- [Aim of the task]
Return the lines below exactly, please, from the one containing "A digital illustration" through the last one, both included, and leave out any pictures.

- [Given data]
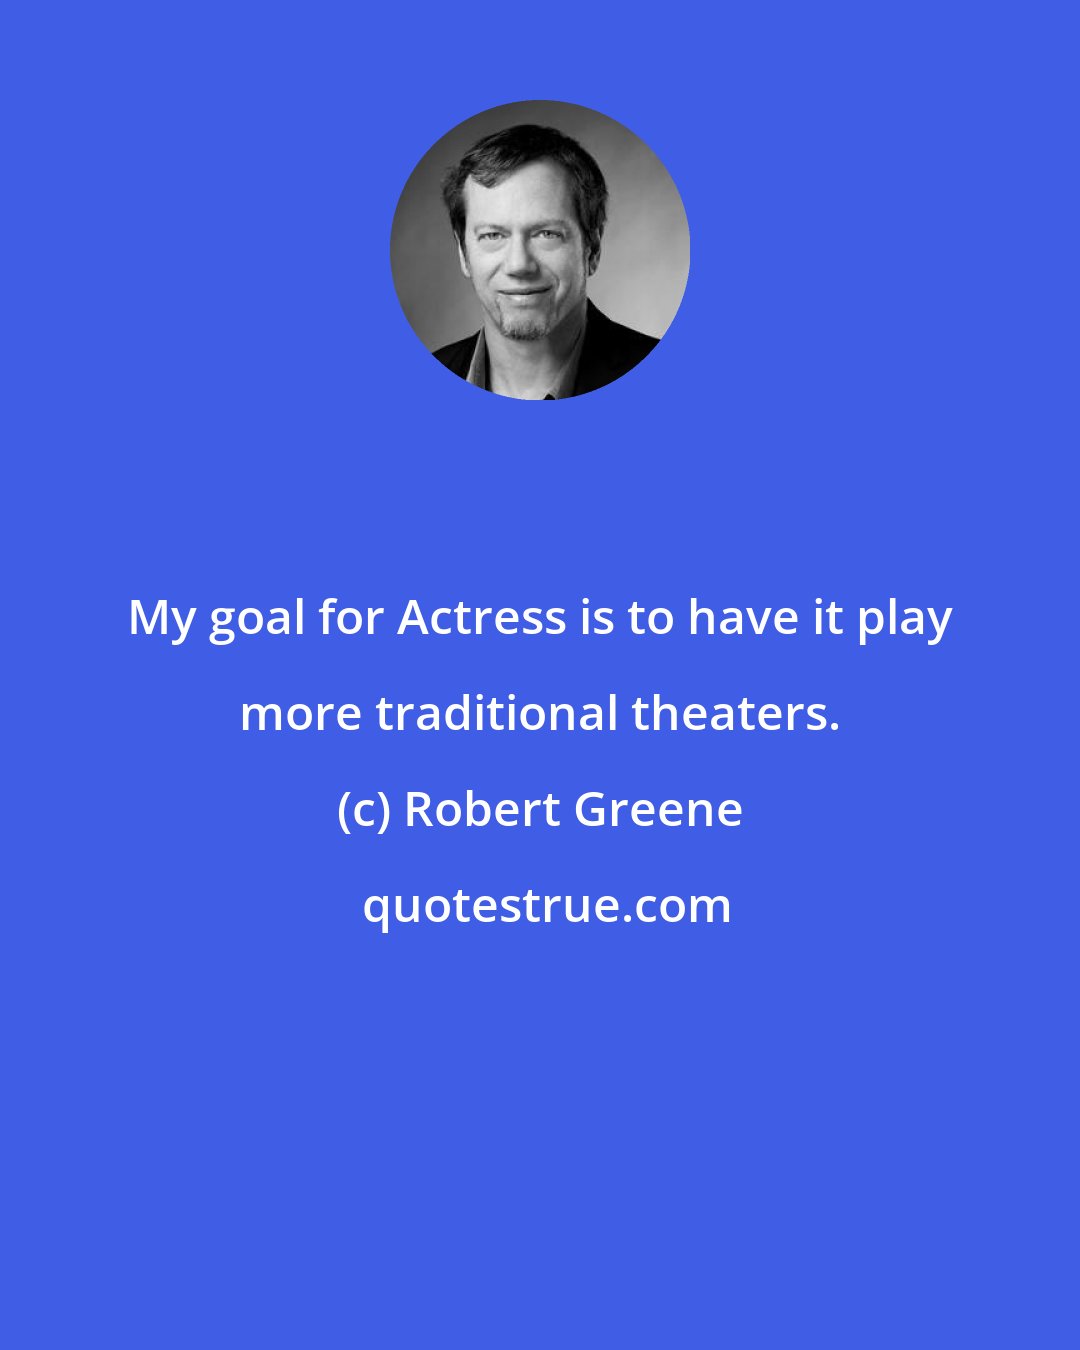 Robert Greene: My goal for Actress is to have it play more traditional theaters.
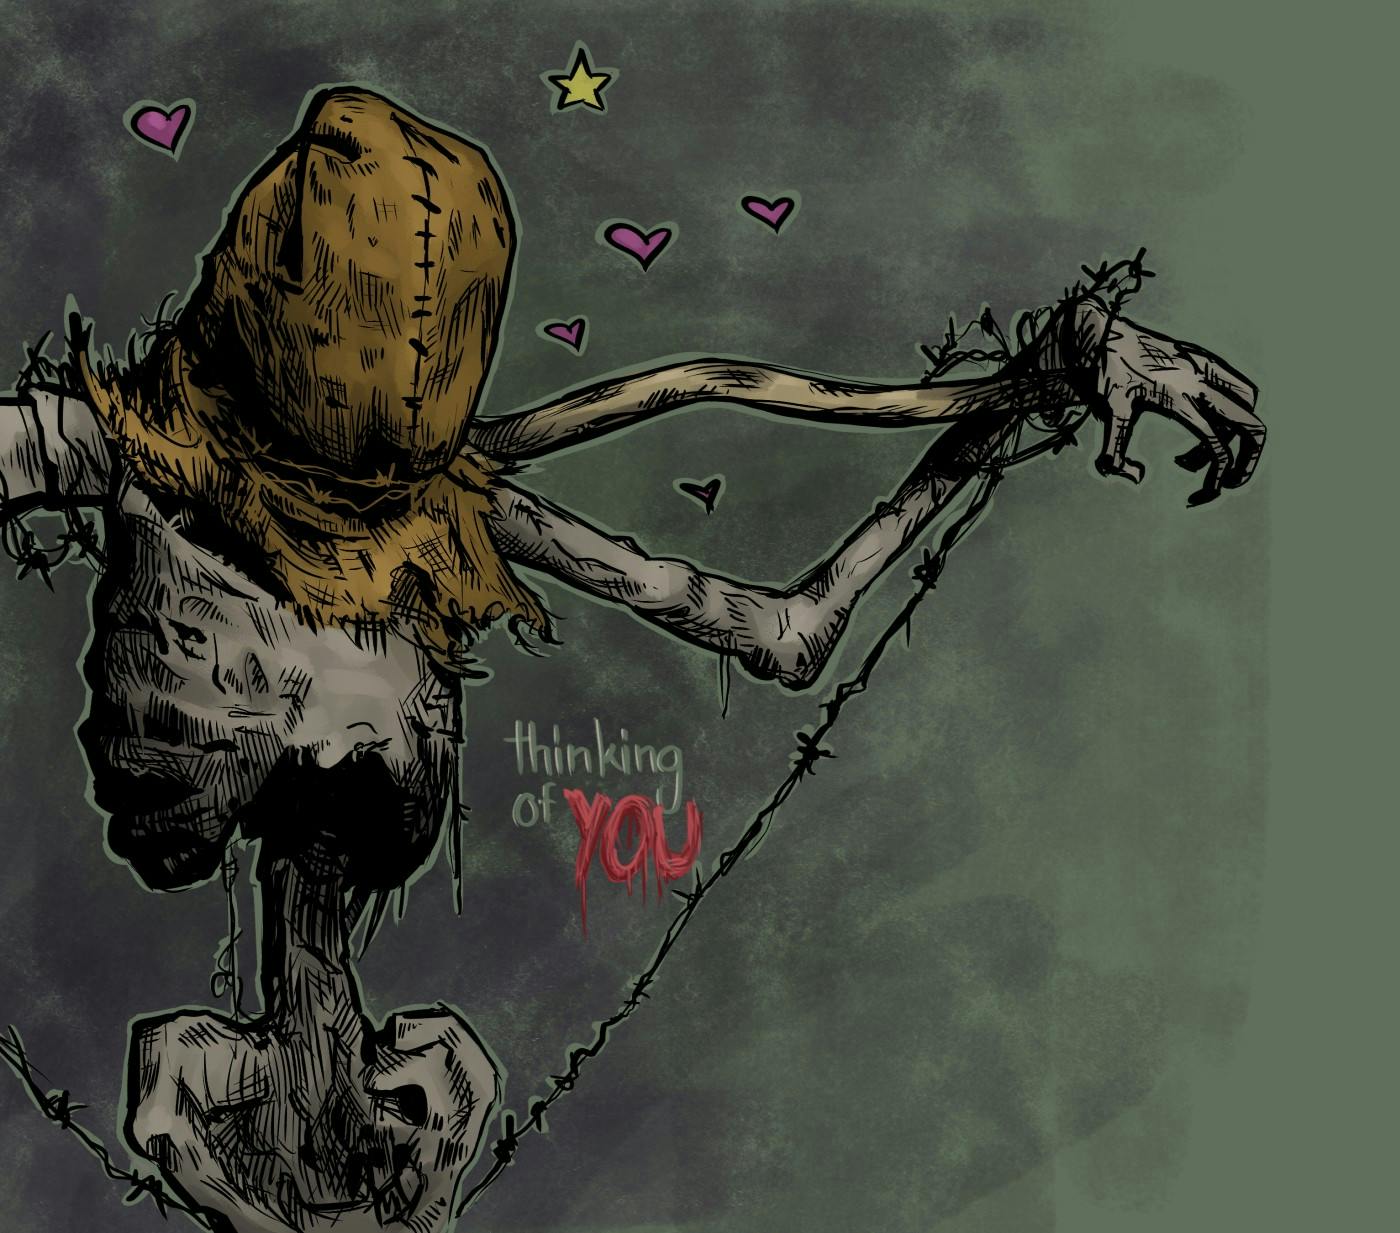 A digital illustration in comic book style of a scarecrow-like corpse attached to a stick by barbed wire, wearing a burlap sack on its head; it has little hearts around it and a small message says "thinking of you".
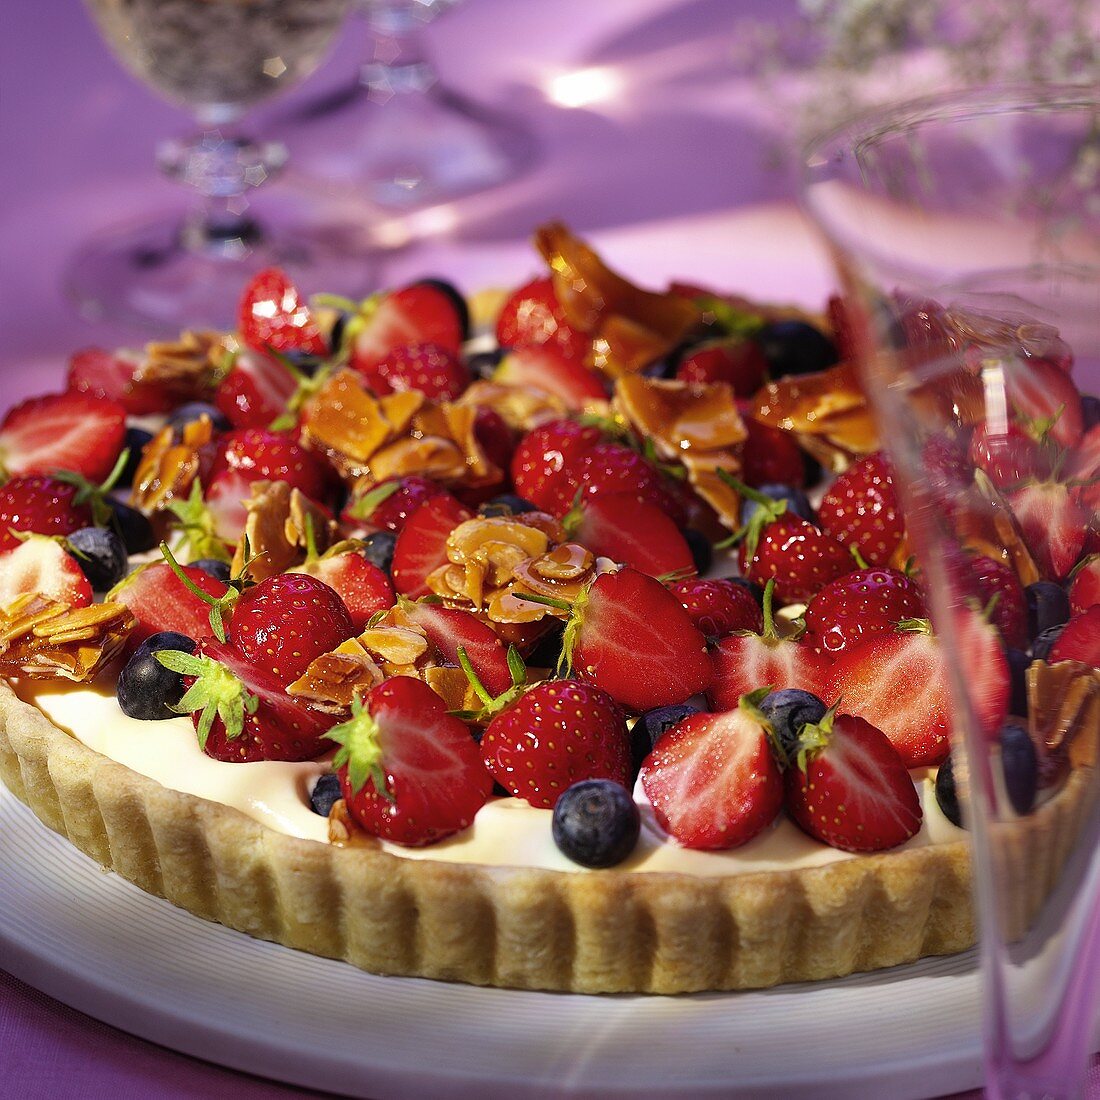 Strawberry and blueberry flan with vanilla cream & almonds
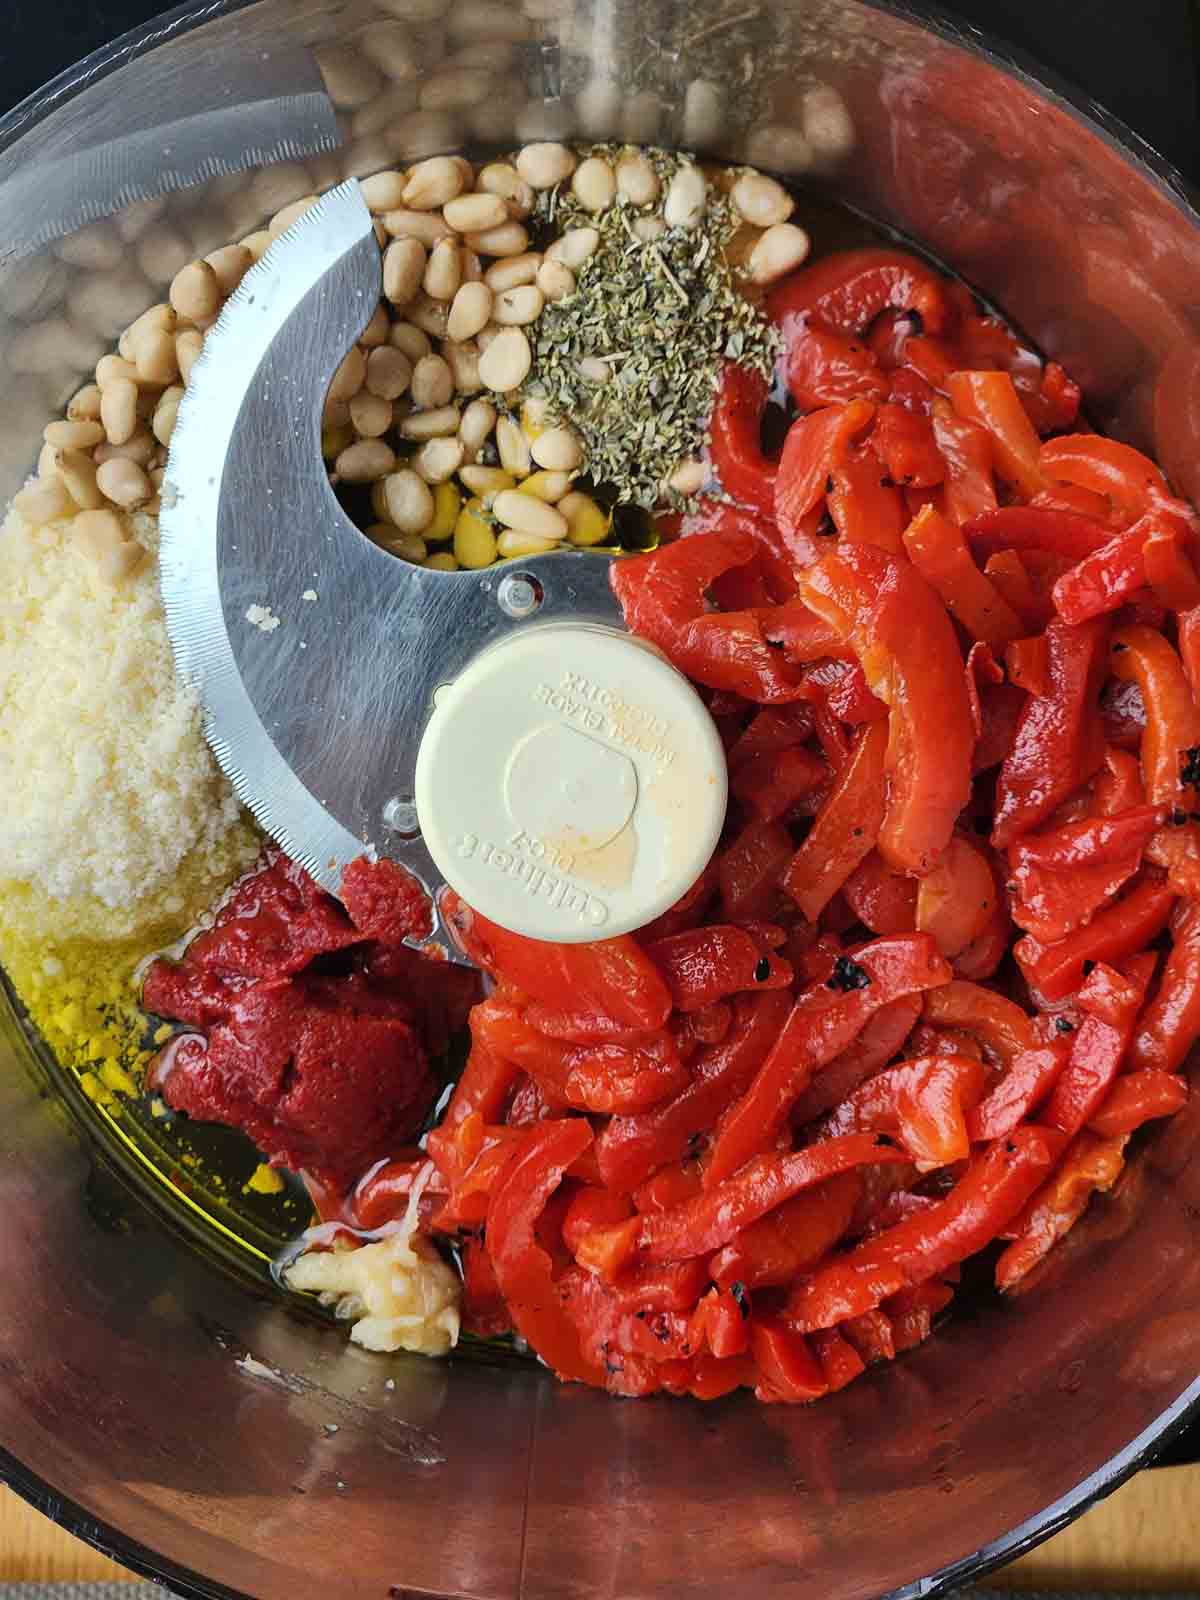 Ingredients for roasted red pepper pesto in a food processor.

- [Completed exercise]
 A digital illustration in comic book style of a scarecrow-like corpse attached to a stick by barbed wire, wearing a burlap sack on its head; it has little hearts around it and a small message says "thinking of you".
 Strawberry and blueberry flan with vanilla cream & almonds
 Ingredients for roasted red pepper pesto in a food processor.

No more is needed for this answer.